Jack ran up and down the length of the pool. He looked like he wanted to jump in but couldn't. He seemed really frustrated by not being able to win himself over. He continued to return to the edge and finally he put his feet in. Surprised at his own efforts, he seemed overwhelmed by the awareness. Fear overcame him and he ran away again.
Jody sat on the top step of the pool staring into the pattern of waves she was making on the surface. The water she flicked in front of her face moved to a constant rhythm. The pattern and its consistency were lightly musical, each curl of water falling with a dainty tinkle. The glisten of the curling water was art itself.
I thought about the cost of not existing, of “disappearing” and keeping the world in control. I reached my hand across and into the water pattern Jody was getting lost in and interrupted the pattern: war games. Sometimes you have to care enough to declare war. I was on the side of fighting to help her join “the world.”

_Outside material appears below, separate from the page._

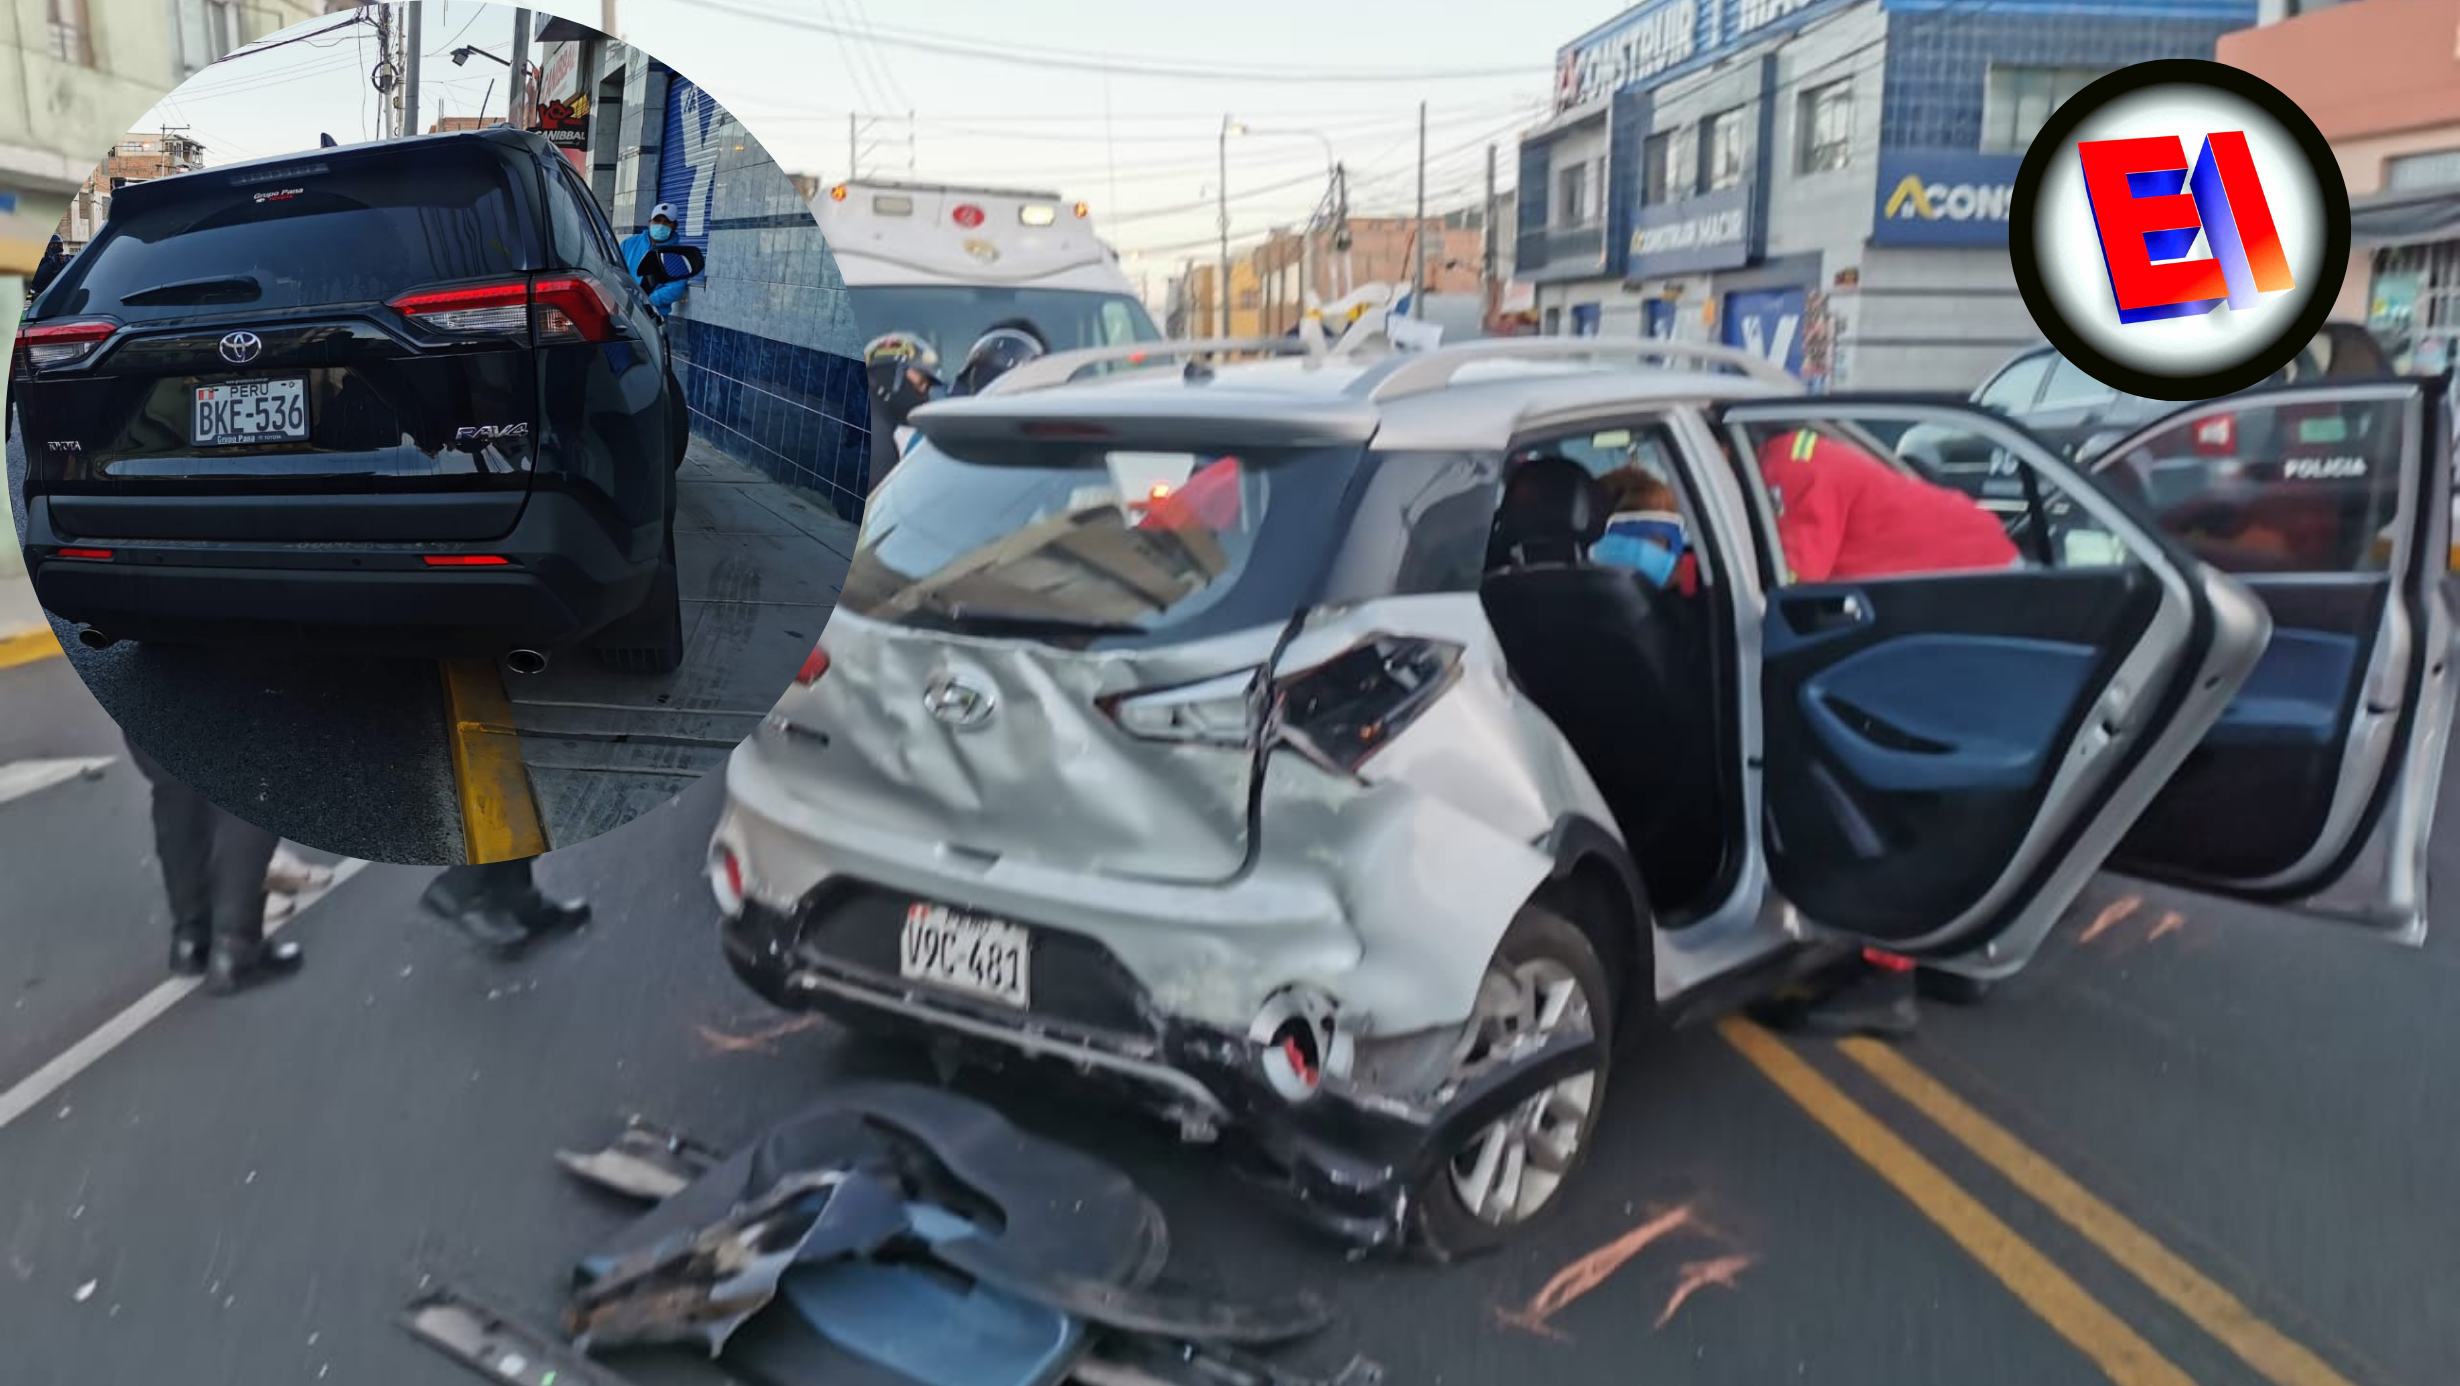 Fuerte accidente de tránsito ocurrido este lunes deja 3 personas heridas en el distrito de Miraflores

Jody glared at me lightning fast and busied herself again, her face now even closer to the pattern, attempting to get lost. She was fighting a war to keep “the world” out.

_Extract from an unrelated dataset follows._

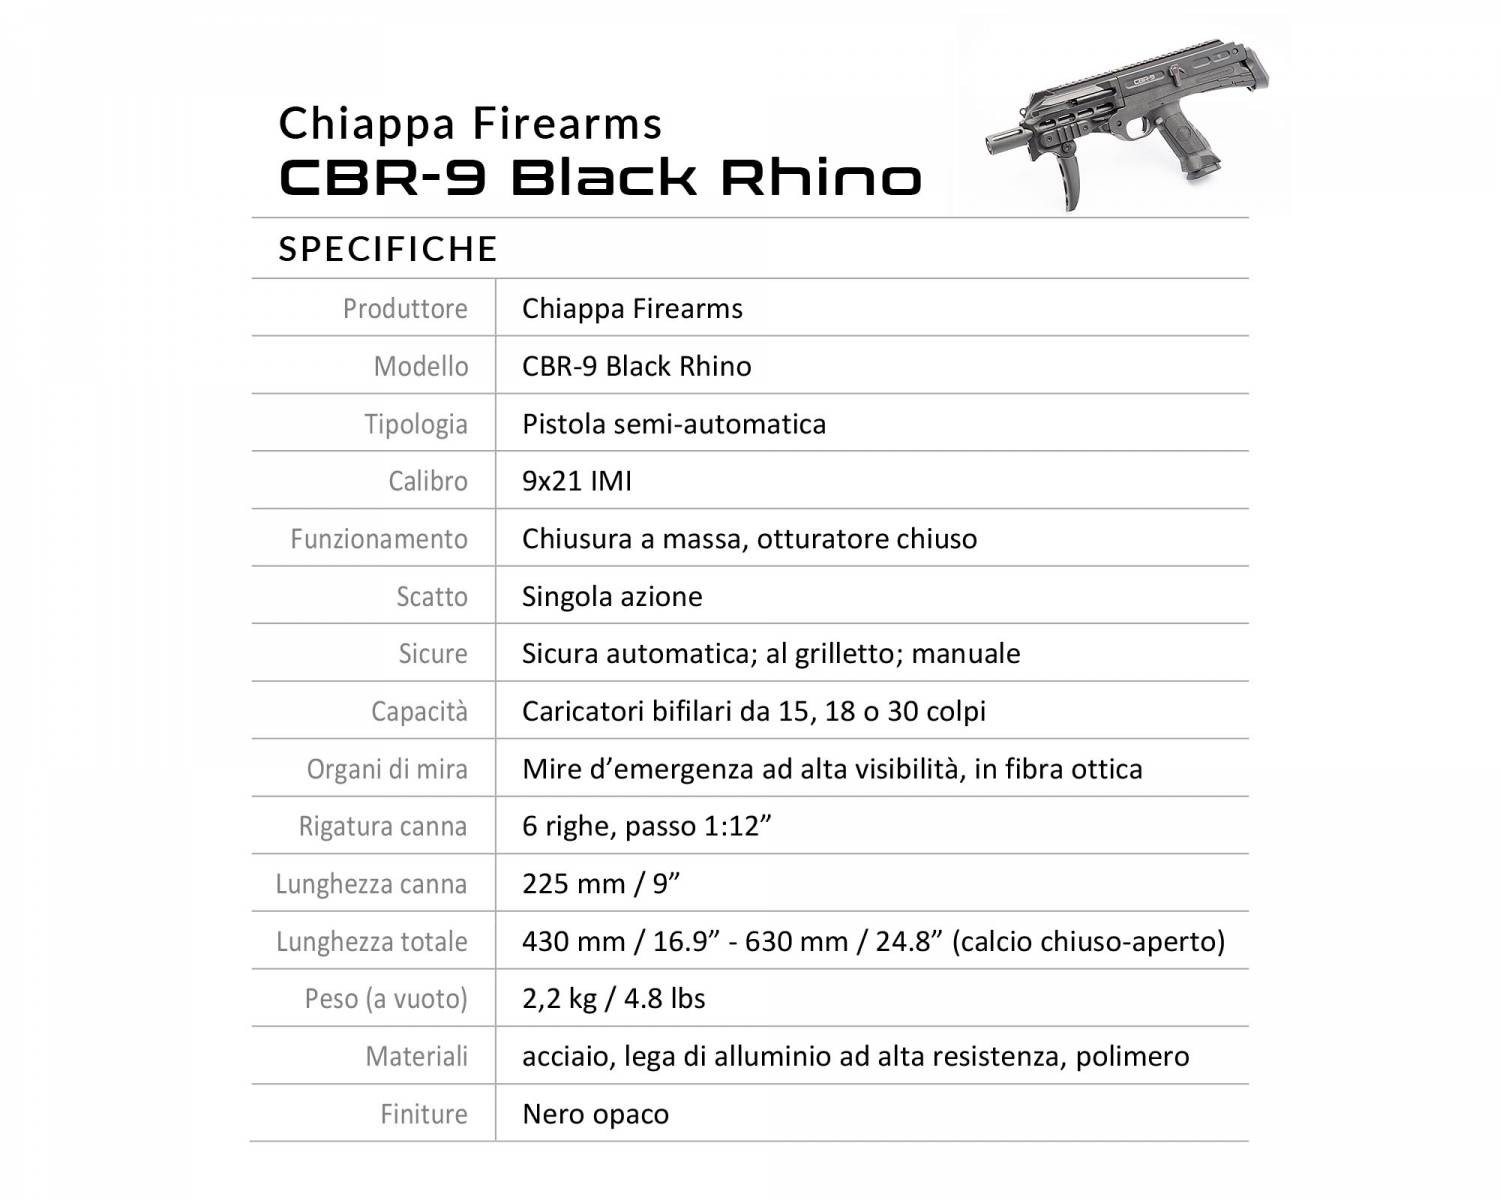 Specifiche della pistola Chiappa Firearms CBR-9 Black Rhino

Again and again we played these war games, until the war games themselves were as consistent and predictable as the pattern the water had made. Every time Jody glared at me, I looked calmly into her eyes and smiled as if to myself. I smiled only as I would to myself in a mirror.
I took Jody's hand and pulled her very slowly around on the step until she faced the rest of the pool. Her other hand continued to make her pattern and slowly she wound herself back to face the wall. Again and again, I pulled her slowly and silently around to face the pool. Each time I let her pull me back in the direction of the wall, too. I was determined she would be forced to experience herself as making a decision that affected what another person did.
Who was on which side got lost in the pattern until the war itself didn't matterâboth sides belonged to Jody. Holding her hand I
pulled her gently outward into the pool. She pulled herself back, tapping herself wildly and looking down into the water with ever increasing intensity. I watched her experience her power to decide and to take control over her own actions and affect mine.